ECSE 321 - Tutorial 6
Dominic Charley-Roy
https://github.com/dominiccharleyroy
dominic.charley-roy @ mail.mcgill
CSV and Serialization

Comma
Separated
Values!
What's that?
- CSV is a popular format for storing data in text form.
- "Easy" to convert an object to a text file and back.
- Serialization describes a mechanism used to convert an object/structure into a series of bytes and back.
- Why is this useful? Where would it be useful in your project?
Simplest Format
- Note that CSV is not standardized.
- Each row represents an object.
- Each field is separated by a comma.
- Suppose we had objects containing a first name, a school name, a degree name, and a graduation year.
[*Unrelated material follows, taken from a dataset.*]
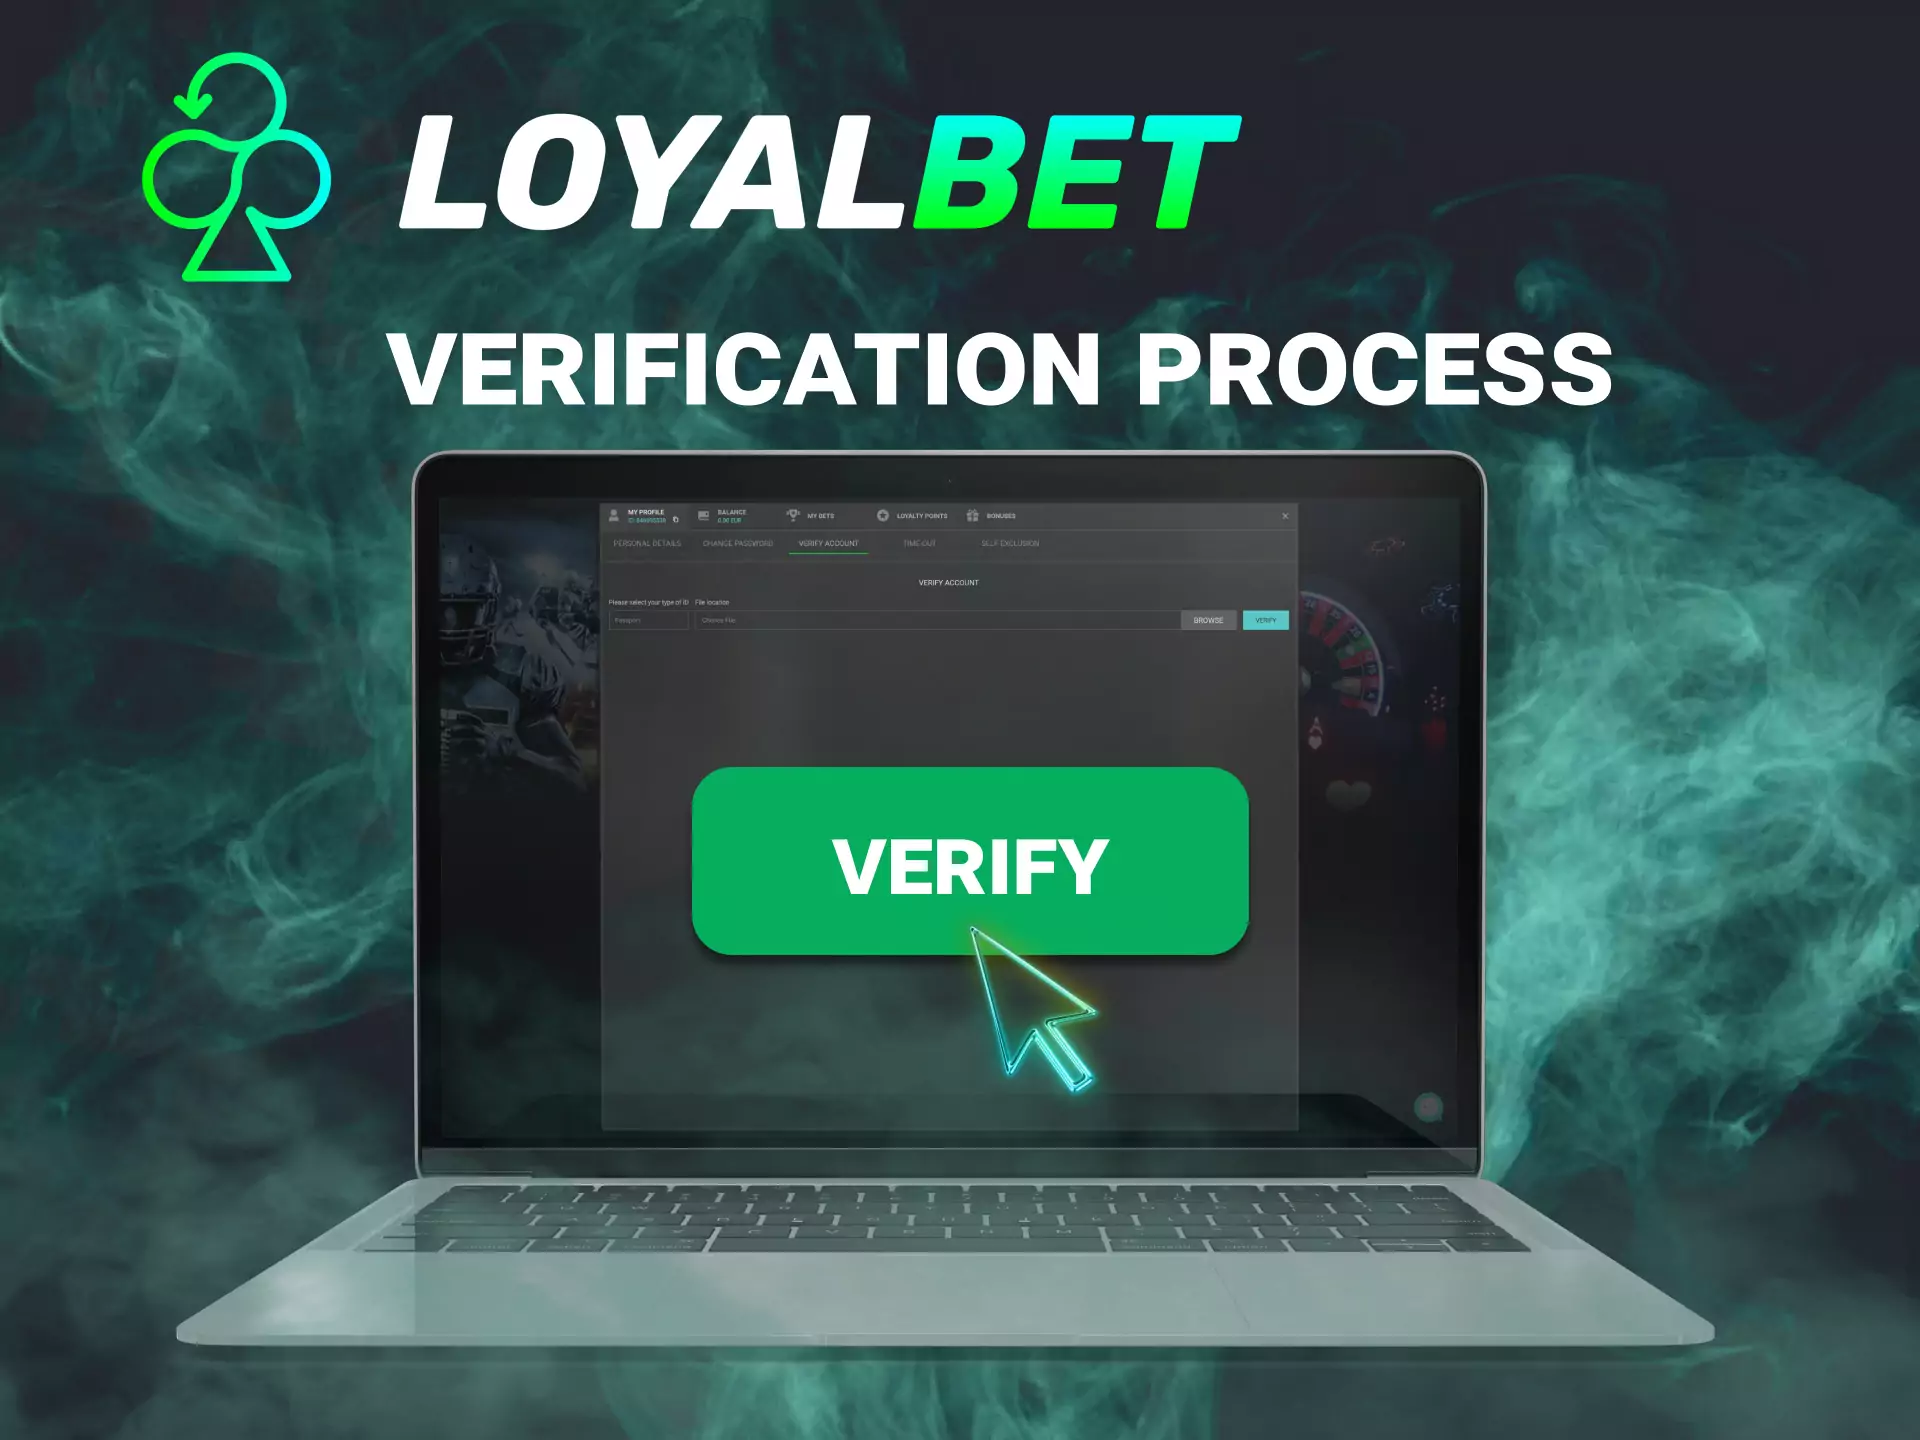 After creating an account, verify it to be allowed to enjoy the Loyalbet entertainment.
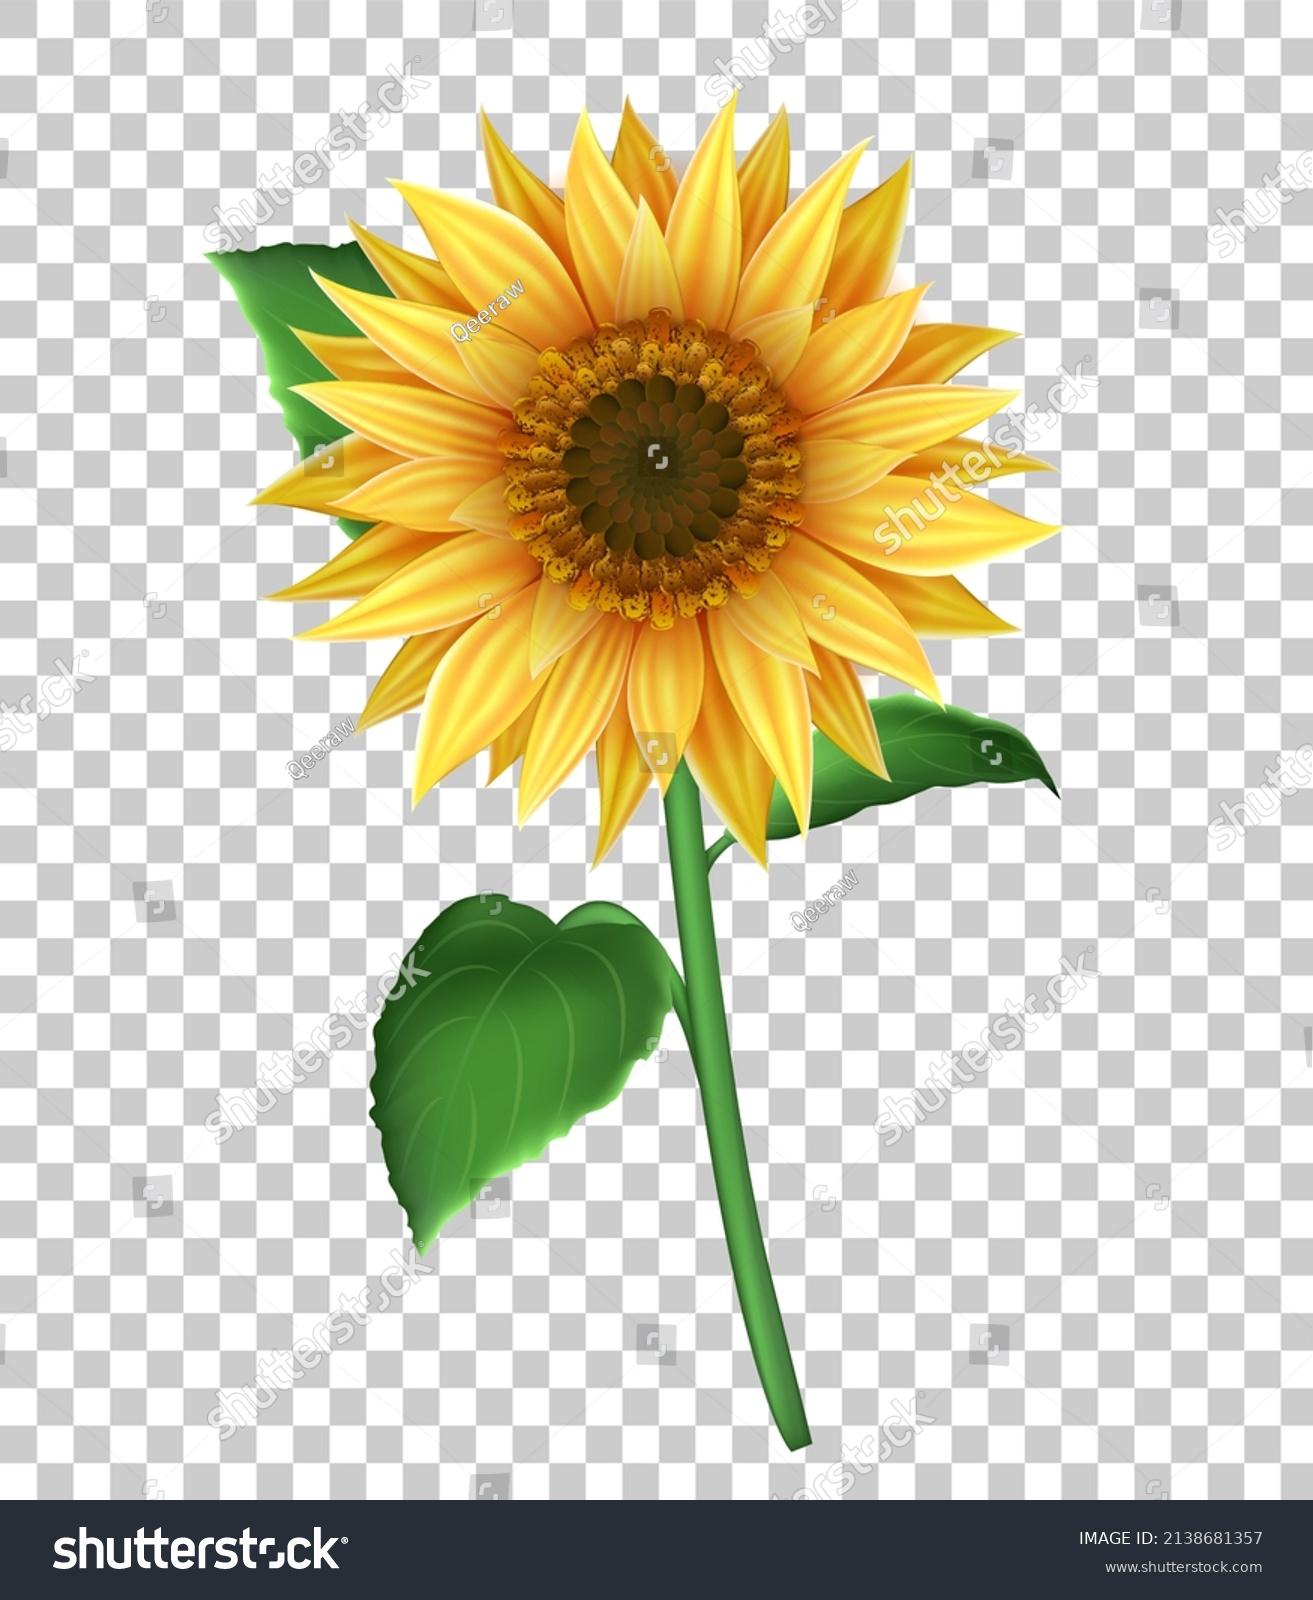 SVG of Illustration with 3d sunflower  isolated on transparent background. Realistic vector illustration with yellow flower for decoration. svg

This could be saved like so:
Dominic,McGill,Bachelor of Science,2015
John,Concordia,Bachelor of Arts,2016
Laura,UQAM,Bachelor of Commerce,2017
Spreadsheet Example
- CSV is a great format for storing spreadsheet data in a file.
- Most spreadsheet software let you import data from CSV.
1,3,19.00
2,5,18.200
3,6,17.300

Data Headers
CSV lets us optionally use the first row as headers, naming each field/column.
These names are formatted like a regular CSV row.
Name,Program,Age
Dominic,Computer Science,22
Michael,Engineering,22
Jennifer,Math,21
Annie,Management,19
Fred,Art History,20But what if my data has commas?!
Quotes Fields
If we have commas in a field, we can wrap the entire field in double-quotes.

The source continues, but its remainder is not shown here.